What is your use case here?

Hello Christoph,

Thanks for reviewing these patches.

The use case driving this patch is the MSHV VTL driver (drivers/hv/mshv_vtl_main.c) for VMs with paravisor architecture (OpenHCL/OpenVMM: https://openvmm.dev/guide/index.html).

In this setup, the guest runs at two Virtual Trust Levels:
- VTL2 (higher privilege): runs a Linux kernel acting as "paravisor" that handles device I/O on behalf of the guest
- VTL0 (lower privilege): runs the actual guest OS (Windows/Linux)

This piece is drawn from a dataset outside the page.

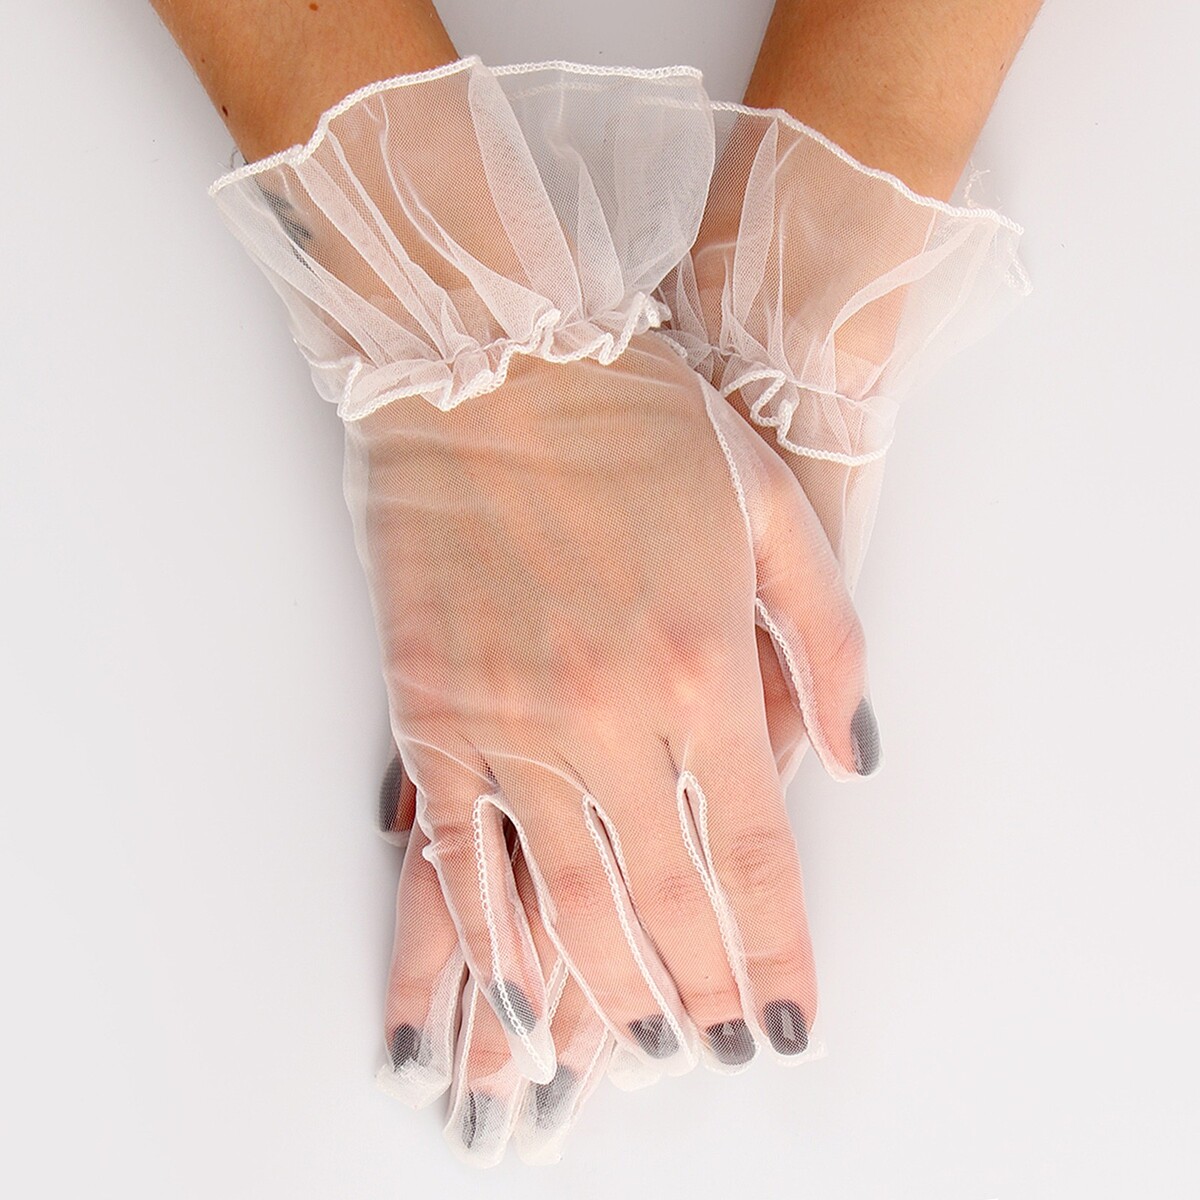 Карнавальный аксессуар - перчатки прозрачные с юбочкой, цвет белый карнавальный аксессуар перчатки прозрачные белый

VTL2 Linux performs block I/O (NVMe, SCSI, etc.) using VTL0's memory as DMA buffers. To enable this, VTL0 memory is registered into the VTL2 kernel via the MSHV_ADD_VTL0_MEMORY ioctl, which calls devm_memremap_pages() to create MEMORY_DEVICE_GENERIC zone device pages.

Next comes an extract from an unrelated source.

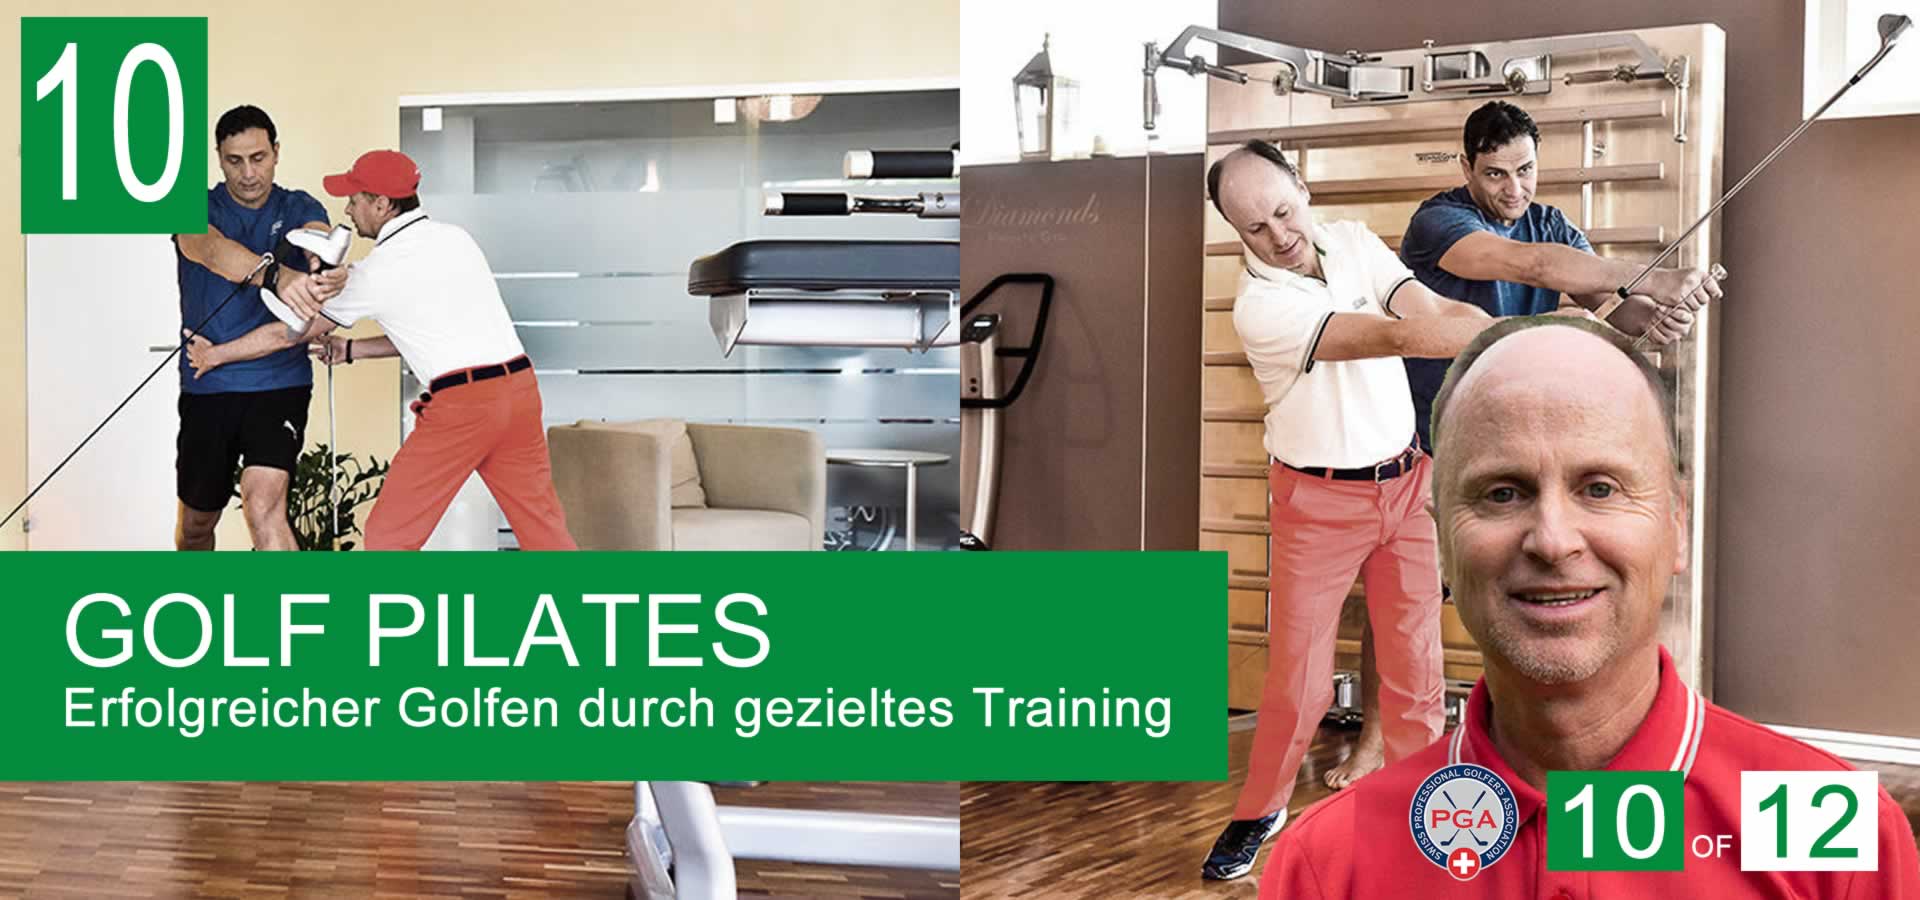 10-Golf-Pilates-Zuerich-Golf-Muskel-training-Gesundheit-Ruecken-Golfschwung-Thierry-Rombaldi-Golfschool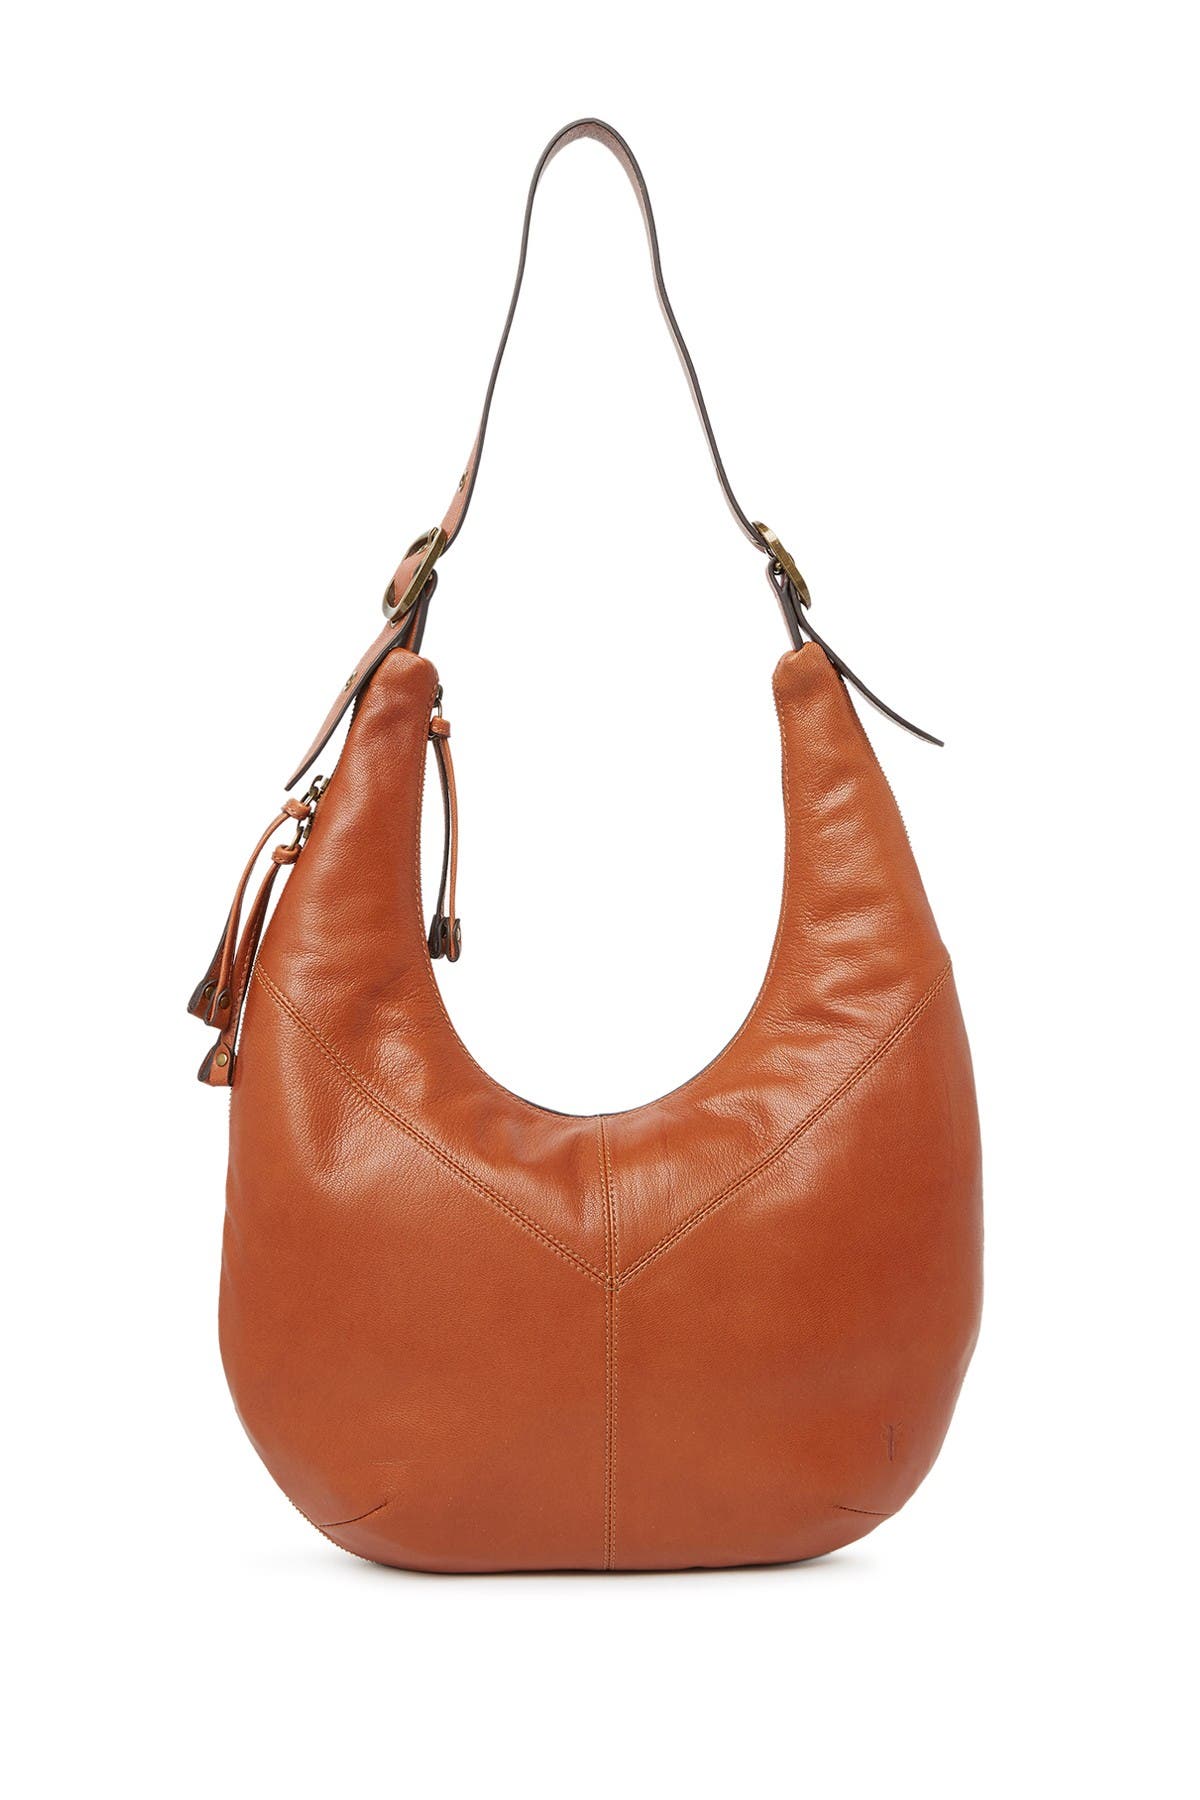 Frye Gina Leather Hobo Bag In Medium Beige9

The ioctl is called multiple times, by the Virtual Machine Manager (VMM), registering VTL0's physical address space in chunks. Each call creates a separate dev_pagemap. This chunking is necessary because:

1. Firmware/UEFI fragments the guest physical address space (MMIO holes,
reserved regions)
2. Alignment constraints: vmemmap_shift is computed from the range alignment, and highly aligned large ranges can exceed MAX_FOLIO_ORDER, causing devm_memremap_pages() to fail

When a direct I/O request spans pages from different chunks (different pgmaps), the current code rejected the second page entirely:

if (!zone_device_pages_have_same_pgmap(bv->bv_page, page))
return 0; // Rejection - forces bio split or I/O error

Both chunks are regular RAM from the DMA perspective (MEMORY_DEVICE_GENERIC, not P2PDMA). The only requirement is that they not be merged into the same bvec segment, which patch 1/2 enforces by adding the pgmap check to biovec_phys_mergeable().

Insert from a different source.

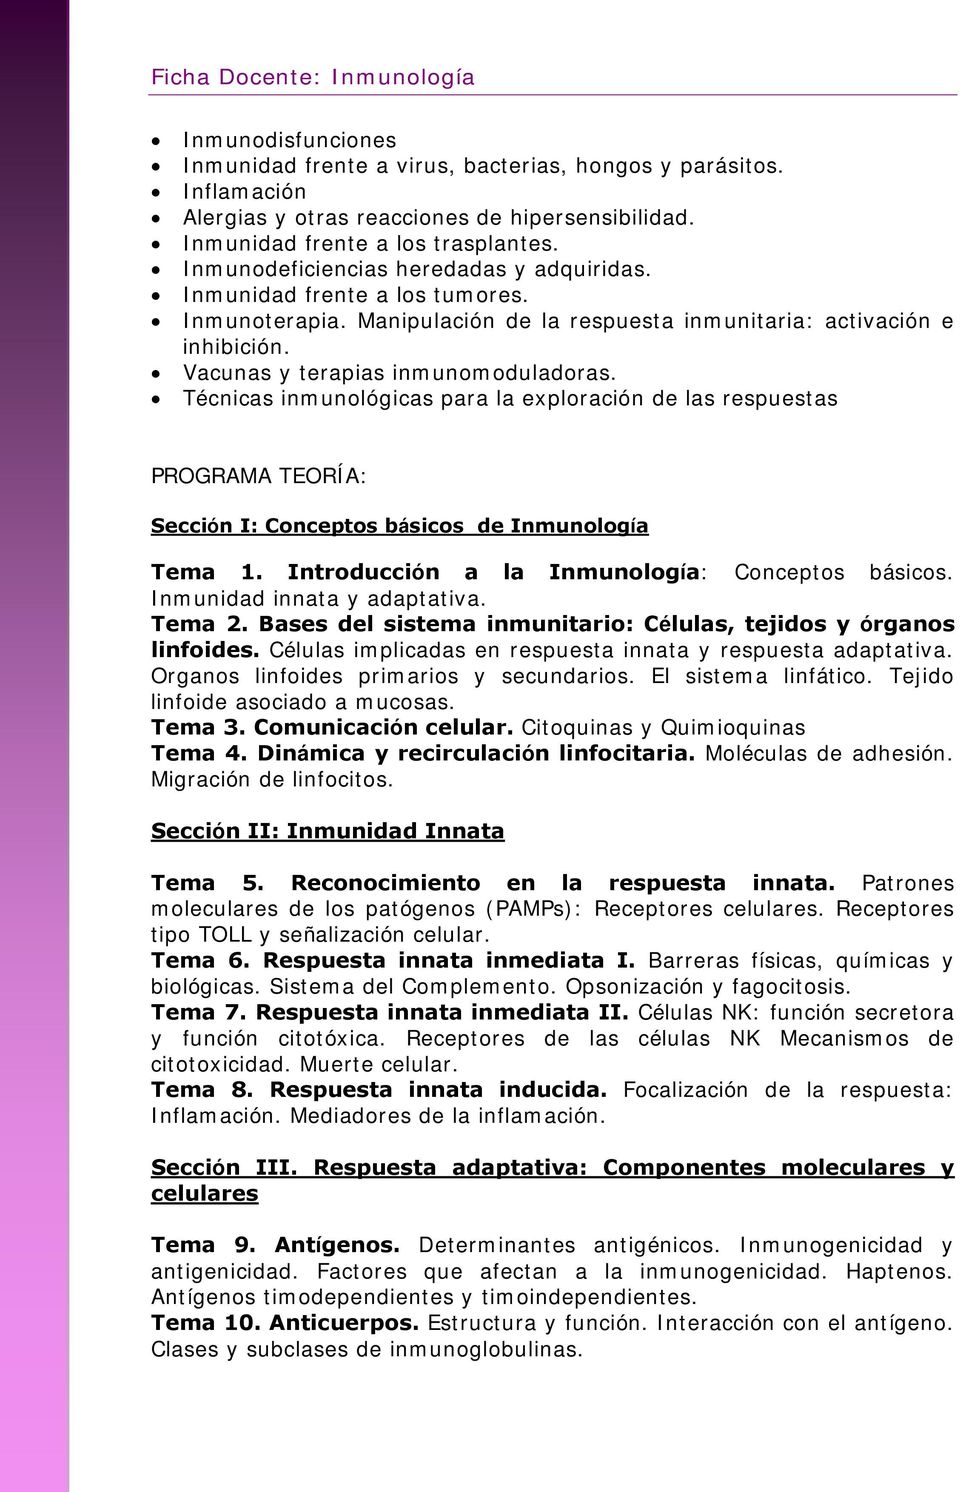 Técnicas inmunológicas para la exploración de las respuestas PROGRAMA TEORÍA: Sección I: Conceptos básicos de Inmunología Tema 1. Introducción a la Inmunología: Conceptos básicos.

This patch allows pages from different pgmaps to be added as separate bvec entries in the same bio, eliminating bio splits and I/O failures
when buffers span pgmap boundaries.

I noticed this while doing kernel upgrade from 6.12 to 6.18 for OpenHCL kernel.



There's this another concern flagged from Sashiko code review:
https://sashiko.dev/#/patchset/20260401082329.1602328-1-namjain%40linux.microsoft.com

From my code analysis, this issue would not happening as of now, so this is future proofing the APIs after change 2/2. I would need to add a check like this to fix this:

diff --git a/block/bio-integrity.c b/block/bio-integrity.c
index 3462697331890..6f2f30a814560 100644
--- a/block/bio-integrity.c
+++ b/block/bio-integrity.c
@@ -231,6 +231,9 @@ int bio_integrity_add_page(struct bio *bio, struct page *page,
if (bip->bip_vcnt > 0) {
struct bio_vec *bv = &bip->bip_vec[bip->bip_vcnt - 1];

+ if (is_pci_p2pdma_page(bv->bv_page) !=
+ is_pci_p2pdma_page(page))
+ return 0;
if (zone_device_pages_have_same_pgmap(bv->bv_page, page) &&
bvec_try_merge_hw_page(q, bv, page, len, offset)) {
bip->bip_iter.bi_size += len;
diff --git a/block/bio.c b/block/bio.c
index 7715e59e68613..6216a554de68b 100644
--- a/block/bio.c
+++ b/block/bio.c
@@ -1034,6 +1034,9 @@ int bio_add_page(struct bio *bio, struct page *page,
if (bio->bi_vcnt > 0) {
struct bio_vec *bv = &bio->bi_io_vec[bio->bi_vcnt - 1];

+ if (is_pci_p2pdma_page(bv->bv_page) !=
+ is_pci_p2pdma_page(page))
+ return 0;
if (zone_device_pages_have_same_pgmap(bv->bv_page, page) &&
bvec_try_merge_page(bv, page, len, offset)) {
bio->bi_iter.bi_size += len;


Please let me know what you think about this.

Thanks,
Naman